MetBranch Trail at Takoma AvenueThe City of Takoma Park has completed another contiguous section of the Metropolitan Branch Trail between Montgomery College and the District Line. It is a sidepath trail alongside Fenton Street and Takoma Avenue, shown here at right. It was first built with a temporary water-permeable stone-dust surface, but was replaced with permanent asphalt in January 2006 after evaluation indicated the trees adjacent to the trail would not be significantly impacted. These two adjacent trail sections complete an approx. 0.5 mile from Montgomery College to the D.C. line. An approx. 0.7 mile trail section remains to be completed in Montgomery County.

The next section of the MetBranch to be completed in Montgomery County will be a short section at the new Silver Spring Transit Center. The Trail is being built on the south west side of the new transit station, from the Red Line Metro station entrance at Colesville Road to Bonifant Street, as part of the transit center construction. The MetBranch Trail will connect at Bonifant Street to the future Capital Crescent Trail, which will be entering the transit center from the north on a trail bridge over Colesville Road and will pass through the transit center on an elevated structure. Transit Center construction began in summer, 2008.

MCDOT project limits

The limits of the MCDOT project.

It is the responsibility of Montgomery County DOT to build the remaining approx. 0.7 miles of the Metropolitan Branch Trail between the Silver Spring Transit Center and Montgomery College. MCDOT began Phase I concept design in 2004 and presented concept options to the Montgomery County Planning Board and to the County Council T&E Committee in 2006. The Planning Board and the Council T&E Committee both approved the “Option 1″ design with a trail alignment along the CSX corridor and having a new trail bridge over Georgia Avenue and a trail tunnel under Burlington Avenue (East-West Highway). The trail project transitioned to Phase II preliminary design in June 2006.

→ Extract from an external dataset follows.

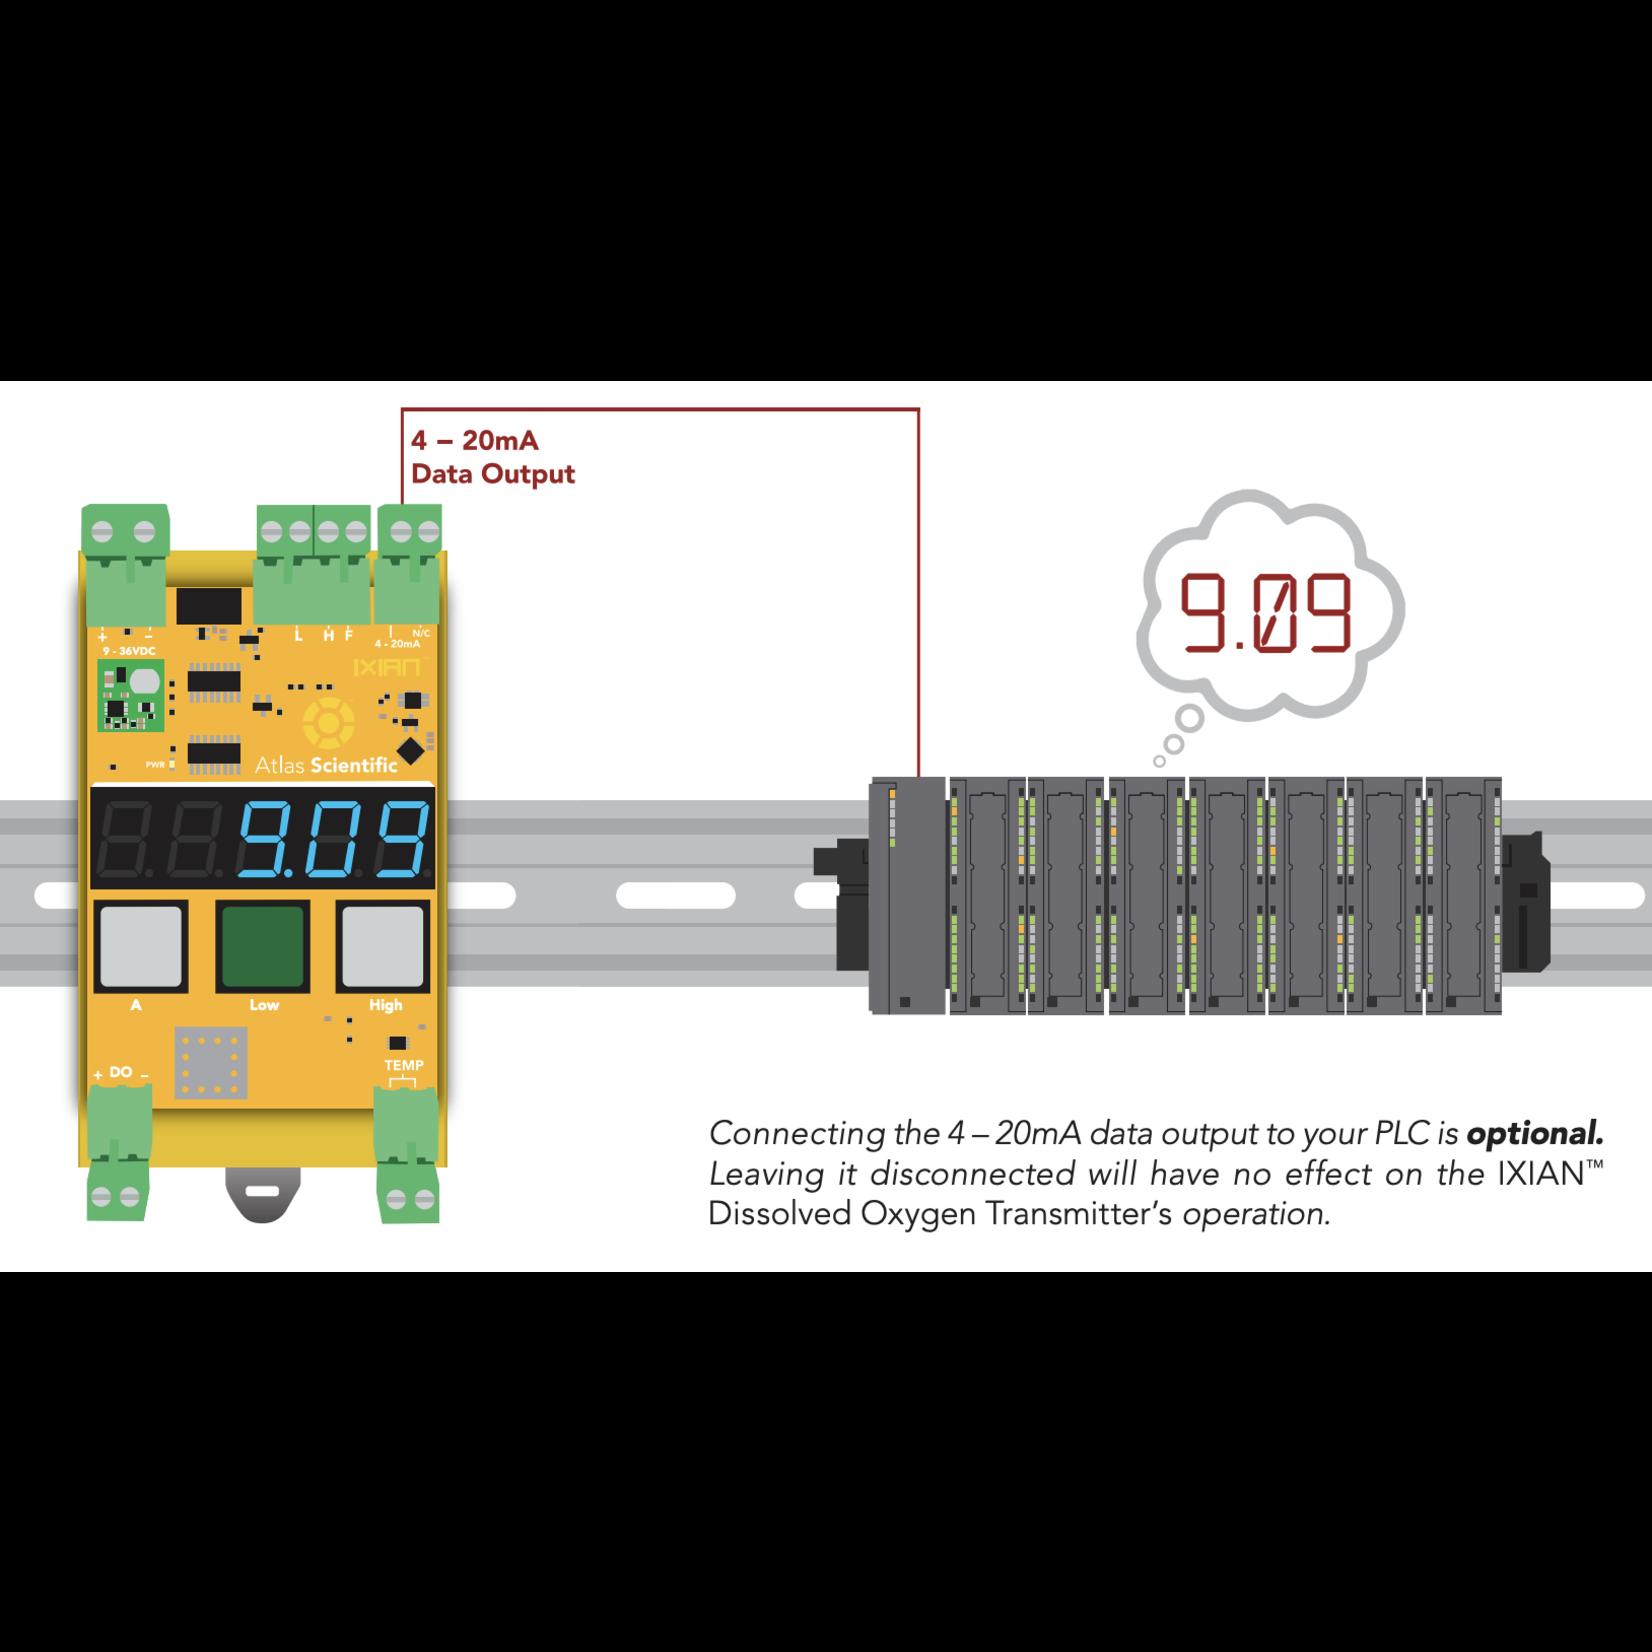 Atlas Scientific IXIAN™ Dissolved Oxygen Transmitter
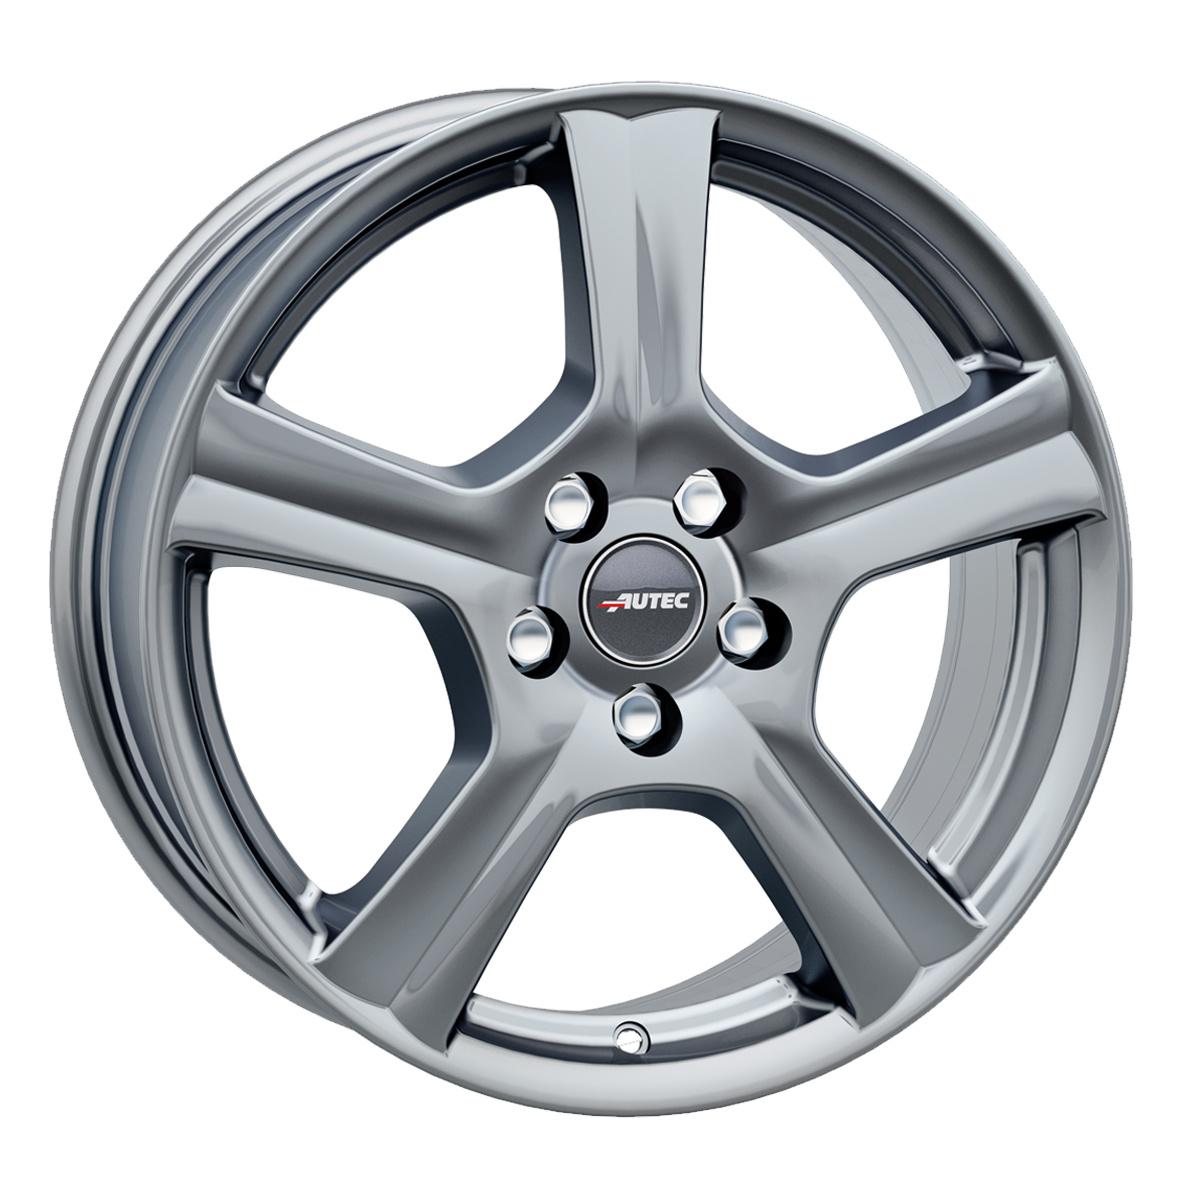 "Autec Wheels Autec  ""IONIK"" 6 x 15 - 7,5 x 18  Audi , Chevrolet , Citroen , Dacia , Honda , Hyundai , Kia , Mazda , MB , Mini ,"

Location of the proposed trail bridge over Georgia Ave.

The Metropolitan Branch Trail will cross Georgia Avenue on a new bridge
near the existing CSX railroad bridge under the approved plan.

The FY13 CIP Budget included $12M+ to complete the trail design and starting construction in FY16 to build the trail section from the new Sarbanes Transit Center to Georgia Avenue, including building the trail crossing of Georgia Avenue. Construction of the remaining section under Burlington Avenue to Takoma Park is not funded in the approved budget – an on road interim route on Philadelphia Avenue/Fenton Street will likely be used until funding for this last section can be found.

The unfinished 0.7 mile trail section in Silver Spring is in an area where several difficult issues must be resolved. The most significant design issue slowing progress is detailed at Off-track at the historic train station.

In the District of Columbia:

The District of Columbia is building the 7 miles of the Metropolitan Branch Trail within D.C. Parts of the Trail have already been built or are under construction. A one-mile section of the Trail was completed first along McCormick Avenue at Catholic University. Another early trail section was built at the southern terminus of the MetBranch, along First Avenue at Union Station.

A crucial 2000 foot section of the Metropolitan Branch Trail was built with the New York Avenue Metro Station in 2004. But this section of the trail remainded unconnected until spring 2010.

MetBranch Trail at New York Ave. Metro Station

The Metropolitan Branch Trail at the New York Ave. station.

In June 2010 the section of the MetBranch Trail between the New York Avenue Metro Station and Franklin Street was completed and opened. This section of the Trail passes by the Rhode Island Avenue Metro Station. This New York Avenue to Franklin Street Section, combined with the already completed sections at Catholic University and at Union Station complete the southern half of the MetBranch Trail in D.C. This is an approx. 3.5 miles of continuous trail.

MetBranch Trail at Rhode Island Ave.

The Metropolitan Branch Trail near Rhode Island Avenue.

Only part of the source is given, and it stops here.